Deduplicating data in Clickhouse

Estimating duplicates and deduplicating data in Clickhouse

Denys Golotiuk
DataDenys

--

Clickhouse has a way to quickly estimate number of duplicates in a table as well as remove duplicates so only unique rows remain. Popular solution here is to GROUP BY columns and insert resulting data into new table. But this can be a challenge if tables are large and disks are full. Clickhouse has an efficient way to handle both tasks efficiently.

Test data

Let’s assume we have the following table:

CREATE TABLE default.test
(
`a` UInt32,
`b` UInt32,
`c` UInt32
)
ENGINE = MergeTree
ORDER BY tuple()

We’ve populated it with 100 million rows of random data:

INSERT INTO test
SELECT rand32() / 100000, rand32() / 10000, rand32() / 1000
FROM numbers(100000000)

Estimating unique rows number

Clickhouse uniq() function can accept multiple arguments so estimating the number of unique rows can be done with the following query:

SELECT uniq(a,b,c) FROM test

Which gives us an approximate number of unique rows (based on 3 columns) in our table:

Hack: if we need to find unique rows based on all columns in table, we can simply use * instead of all columns names as an argument of uniq() function:

SELECT uniq(*) FROM test

To find a fraction of unique rows, we can use the following:

SELECT uniq(*)/count(*) FROM test

This will give us:

Which means we only have something like 4.3% of unique rows in a table, while the rest 95.7% is duplicated data.

Removing duplicates

Clickhouse has a built in tool to remove duplicates from MergeTree tables using DEDUPLICATE option in OPTIMIZE statement:

OPTIMIZE TABLE test FINAL DEDUPLICATE

We need FINAL here to deduplicate data even if it’s within a single part already.

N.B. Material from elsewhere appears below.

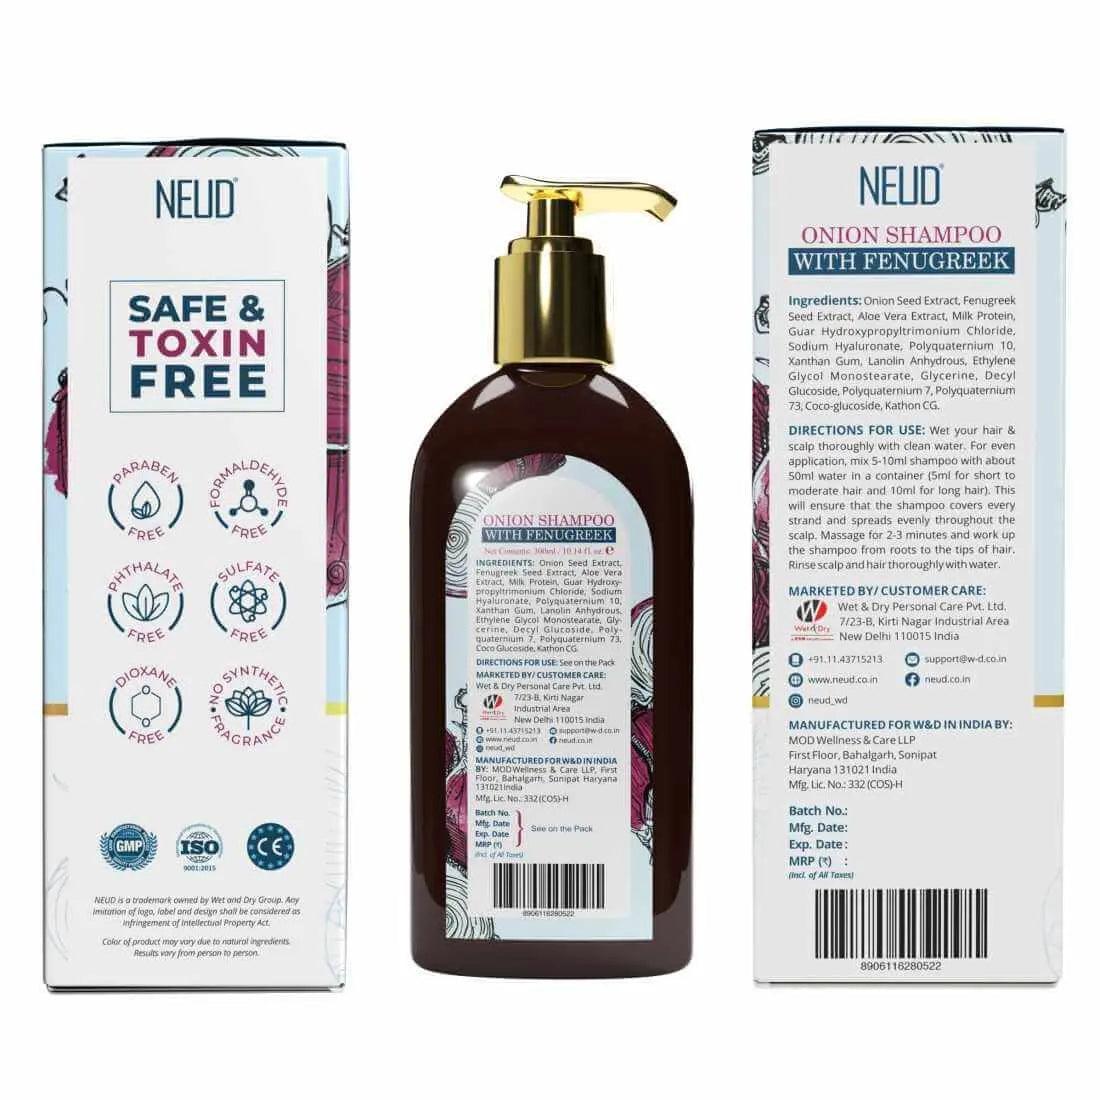 NEUD Premium Onion Hair Shampoo with Fenugreek for Men & Women - 300 ml

It took something like 7 seconds in our case:

Now we can make sure we do not have any duplicates in the table:

This doesn’t give us 100% since uniq() is an approximation. In order to get accurate calculation we can use the following (memory consuming) query:

SELECT count(distinct a,b,c)/count(*) FROM test;

And this will prove we no longer have duplicates in our table:

Deduplicating based on a subset of columns

If data needs to be deduplicated based on some columns only (instead of all columns), we can add BY expression:

OPTIMIZE TABLE test FINAL DEDUPLICATE BY a,b;

Here, we have removed duplicates based on (a,b) columns only instead of all columns.

Summary

Fraction of unique rows in a table can be quickly estimated using uniq() function:

SELECT uniq(*)/count(*) FROM table

If this gives values which are far less than 1, then we have a lot of duplicates in the table. Duplicated rows can be removed using the following query:

OPTIMIZE TABLE test FINAL DEDUPLICATE

This will leave only unique rows in the table.

--

--